8.2 Guaranty Unconditional. The obligations of the Parent under this Article VIII shall be
unconditional and absolute and, without limiting the generality of the foregoing, shall not be released,
discharged or otherwise affected by:
(a) any extension, renewal, settlement, compromise, waiver or release in respect of any
obligation of PLIC or PXP under this Agreement or any Note, by operation of law or otherwise;
(b) any modification or amendment of or supplement to this Agreement or any Note;
(c) any release, impairment, non-perfection or invalidity of any direct or indirect security for
any obligation of PLIC or PXP under this Agreement or any Note;
(d) any change in the corporate existence, structure or ownership of PLIC or PXP or any
insolvency, bankruptcy, reorganization or other similar proceeding affecting PLIC or PXP or their assets or any
resulting release or discharge of any obligation of PLIC or PXP contained in this Agreement or any Note;
(e) the existence of any claim, set-off or other right which the Parent may have at any time
against PLIC or PXP, the Administrative Agent, any Lender or any other Person, whether in connection herewith
or any unrelated transaction, provided that nothing herein shall prevent the assertion of any such claim by
separate suit or compulsory counterclaim;
(f) any invalidity or unenforceability relating to or against PLIC or PXP for any reason of this
Agreement or any Note, or any provision of applicable law or regulation purporting to prohibit the payment by
PLIC or PXP of the principal of or interest on any Loan or any other amount payable by PLIC or PXP under this
Agreement; or
(g) any other act or omission to act or delay of any kind by PLIC or PXP, the Administrative
Agent, any Lender or any other Person or any other circumstance whatsoever which might, but for the provisions
of this paragraph, constitute a legal or equitable discharge of PLIC or PXP or of the Parent's obligations as
guarantor hereunder.
8.3 Discharge Only Upon Payment in Full; Reinstatement in Certain Circumstances.
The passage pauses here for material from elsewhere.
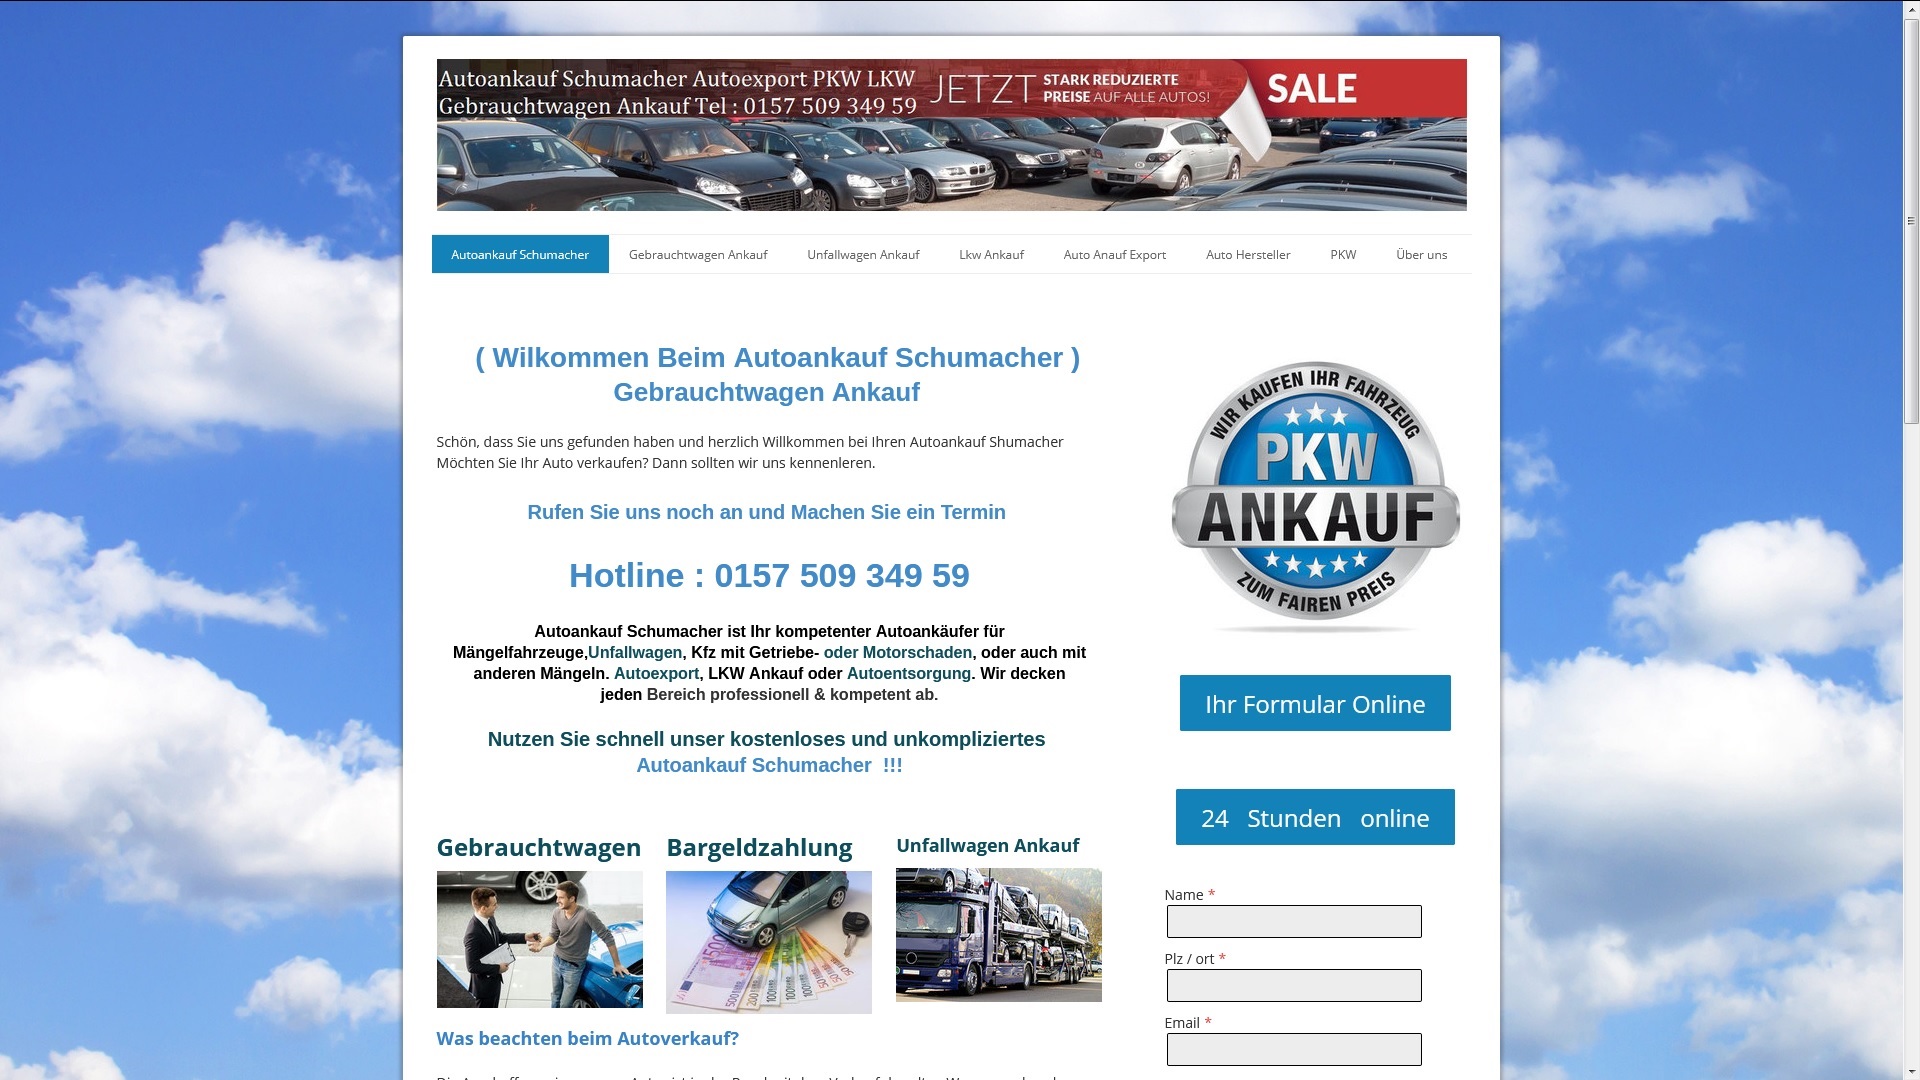 Unkomplizierter Autoankauf in Kassel | von AutoAnkauf Schumacher.de
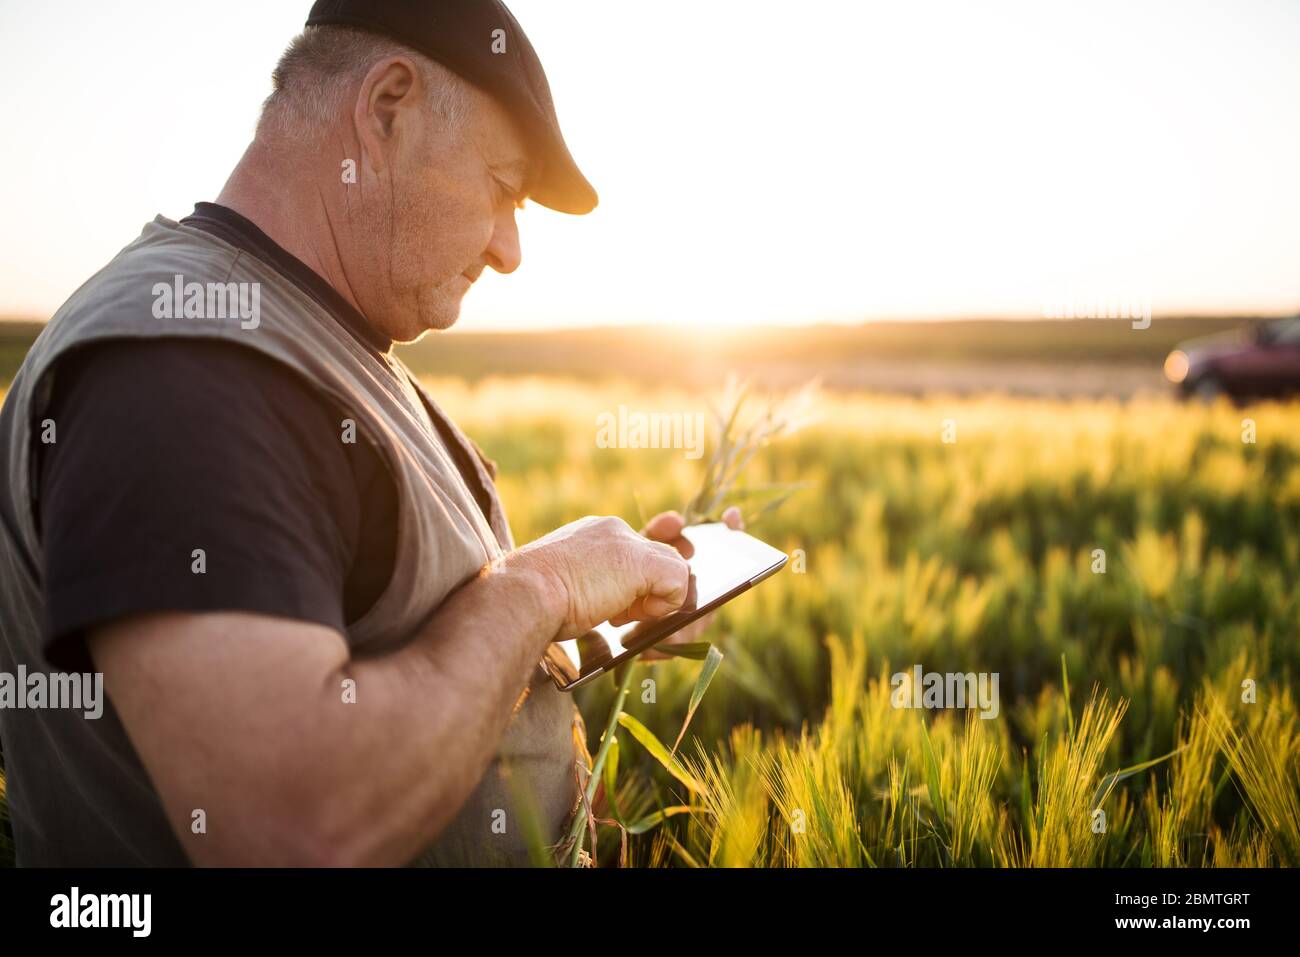 Agriculteur vérifiant la récolte dans un champ et utilisant une tablette. Concept agricole Banque D'Images

The Parent's
obligations as guarantor hereunder shall remain in full force and effect until all of the Commitments shall
have terminated and all Obligations shall have been indefeasibly paid in full in cash. If at any time any
payment of principal, interest or any other amount payable by
57
PLIC or PXP under this Agreement or any Note is rescinded or must be otherwise restored or returned upon the
insolvency, bankruptcy or reorganization of PLIC or PXP or otherwise, the Parent's obligations hereunder with
respect to such payment shall be reinstated as though such payment had been due but not made at such time.
8.4 Waiver by the Parent. The Parent irrevocably waives acceptance hereof, presentment, demand,
protest and any notice not provided for herein, as well as any requirement that at any time any action be taken
by any Person against PLIC or PXP or any other Person.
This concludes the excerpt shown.